I have always regarded the dive bomber as an under-rated concept, due to their much greater precision than high level, horizontal bombing. The Stuka could pick-out and (often) hit very small targets such as ships, buildings or groupings of troops. The dive bomber was best used as a form of directly-aimed, aerial artillery; or ground-attack craft.
The Ju-87 was the consummate dive bomber in particular because it was (I think) the only aircraft designed to dive vertically - which, of course, allows for maximum accuracy.
Its gull-wing shape, non-retractable undercarriage, air brakes and general robustness all helped make this possible. And a special bomb release mechanism ensured that they were released clear of the aircraft itself.

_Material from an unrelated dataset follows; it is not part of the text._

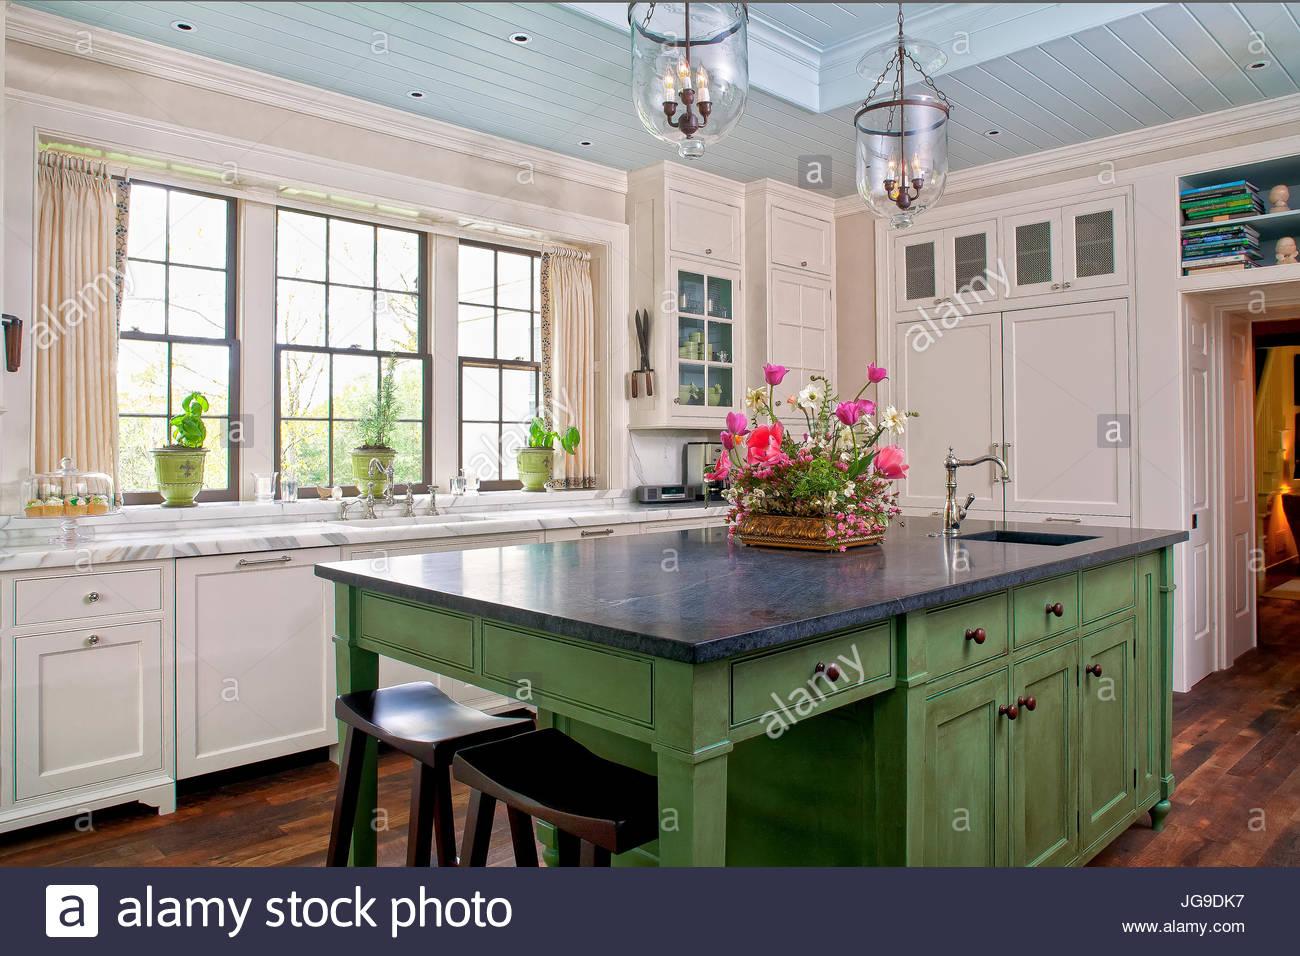 Land, Cottage-Küche, Aqua blau Decke, grüne Insel, Holzböden, Blumen ...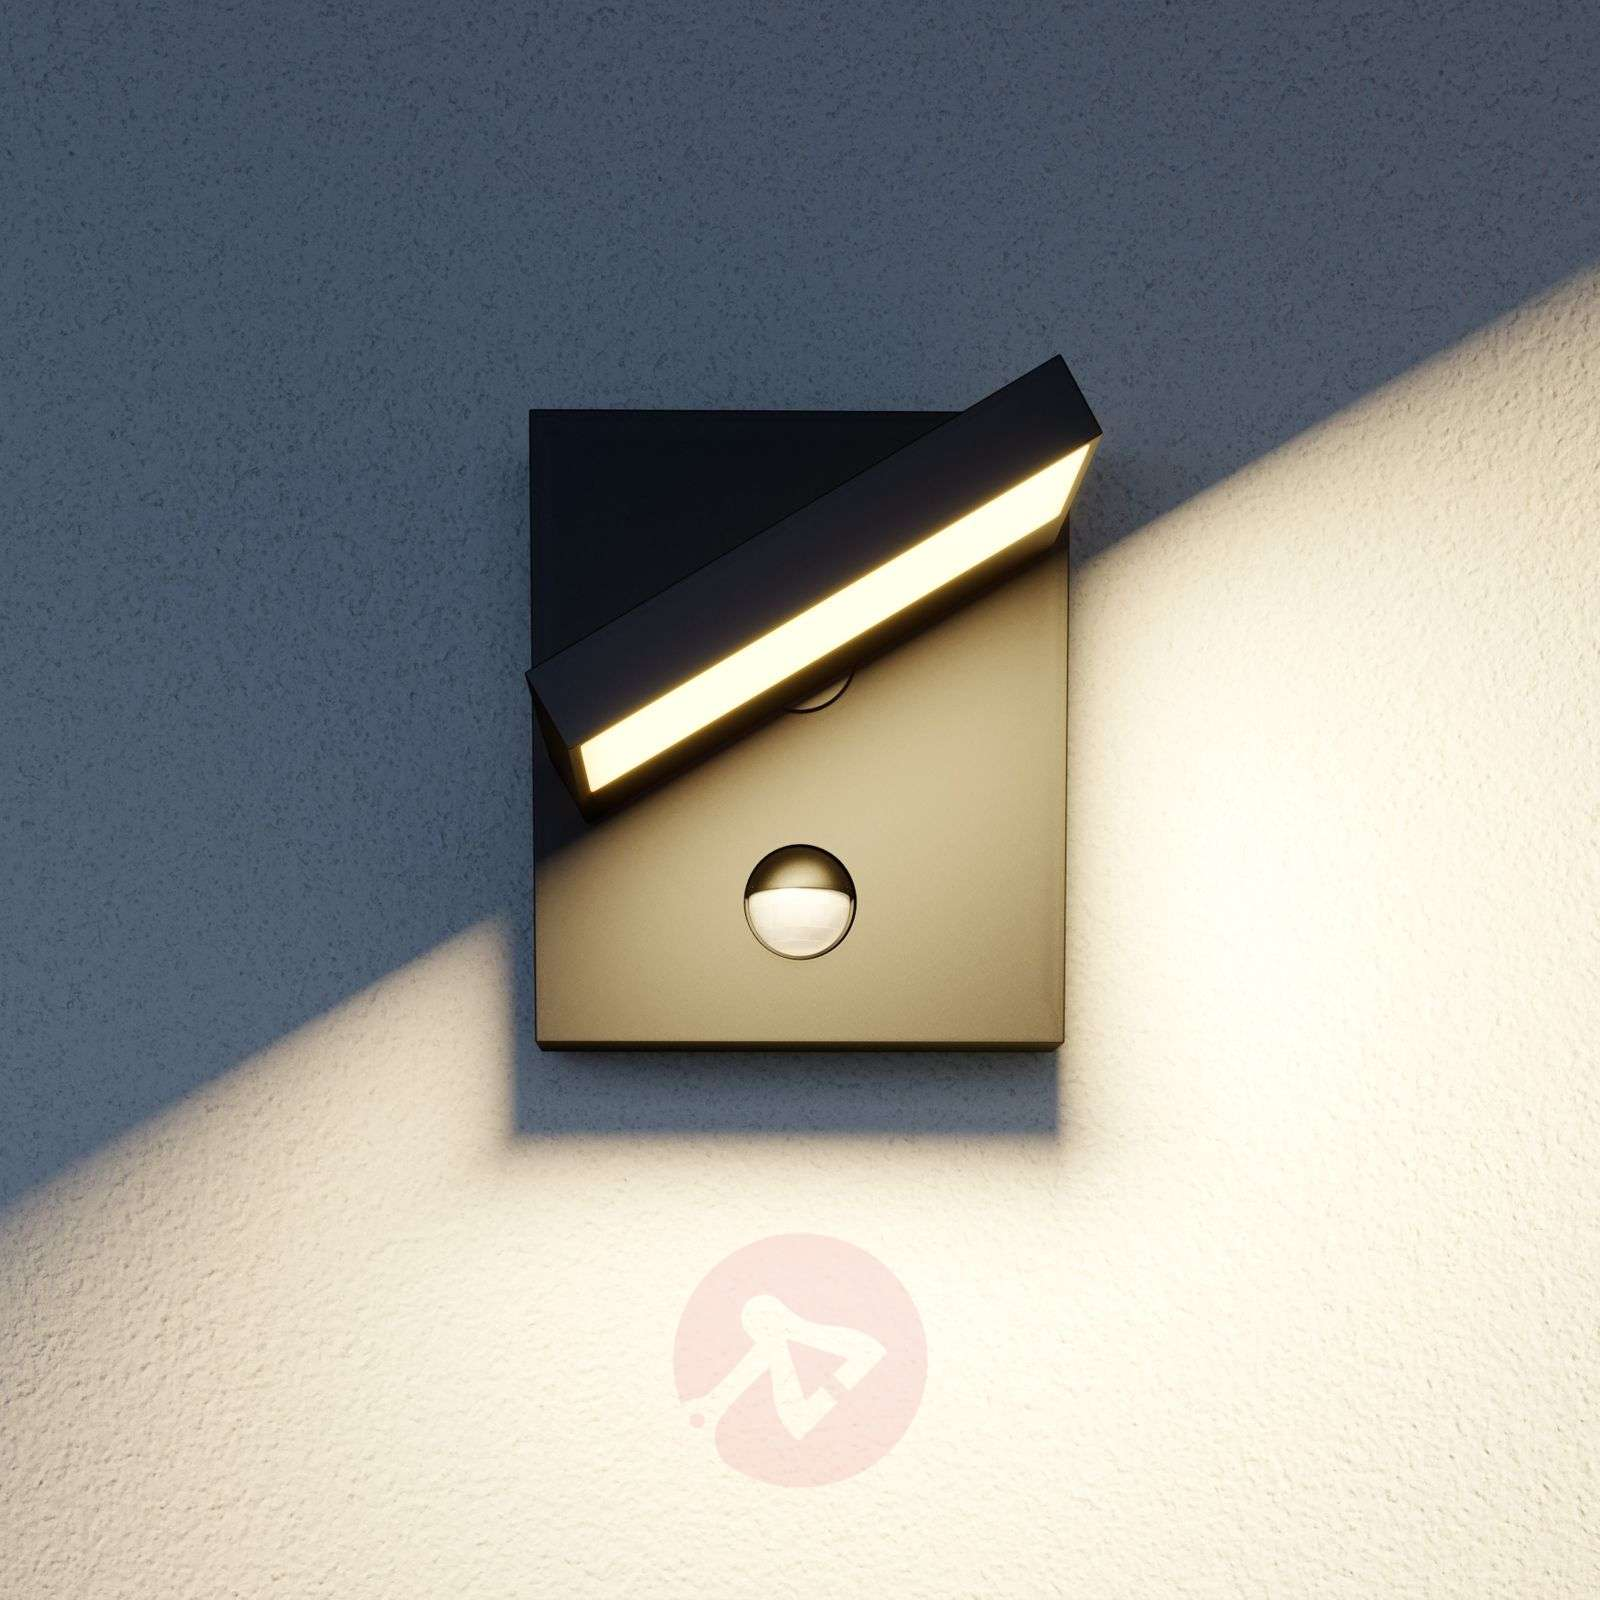 LED-ulkoseinävalaisin, Silvan, liikkeentunnistin-9619174-02

The pilots were a physical elite selected to cope with the extreme negative g-force on pulling-out of the dive, that drained blood from the brain and caused sensory distortion at least and often unconsciousness. Consequently the Stuka had an 'automatic-pilot' recovery mechanism to bring it safely out of the dive even when the pilot was temporarily incapacitated.
Supplementing the Stuka's operational effectiveness in precision bombing to support Blitzkreig, and for destroying specific targets on land or sea; was the fact that it was - by design - one of the most potent terror weapons of its era.
The aircraft was equipped with a very loud, screaming siren, whose pitch increased during the dive as the plane accelerated; and its bombs were fitted with whistles so that their falling would continue the auditory assault.
Depending on the morale and training of those against whom the Stuka was deployed, these sounds could greatly amplify its military value; as depicted in Christopher Nolan's Dunkirk movie.
In the UK the Stuka has an incorrectly poor reputation because of heavy losses in some of the actions of the Battle of Britain. The aircraft was indeed slow and - like almost all bombers - very vulnerable to high quality fighters such as the Hurricane and Spitfire - and therefore requiring a fighter escort.
Nonetheless the Stukas inflicted considerable damage - especially on British shipping.
Significantly, by-far the most prolific air ace of all time - indeed, the most highly-decorated soldier of the most efficient military of WWII - was a Stuka pilot.
An ugly, terrifying beast of a plane - supposedly obsolete even before 1939; it was nonetheless the supreme example of its kind.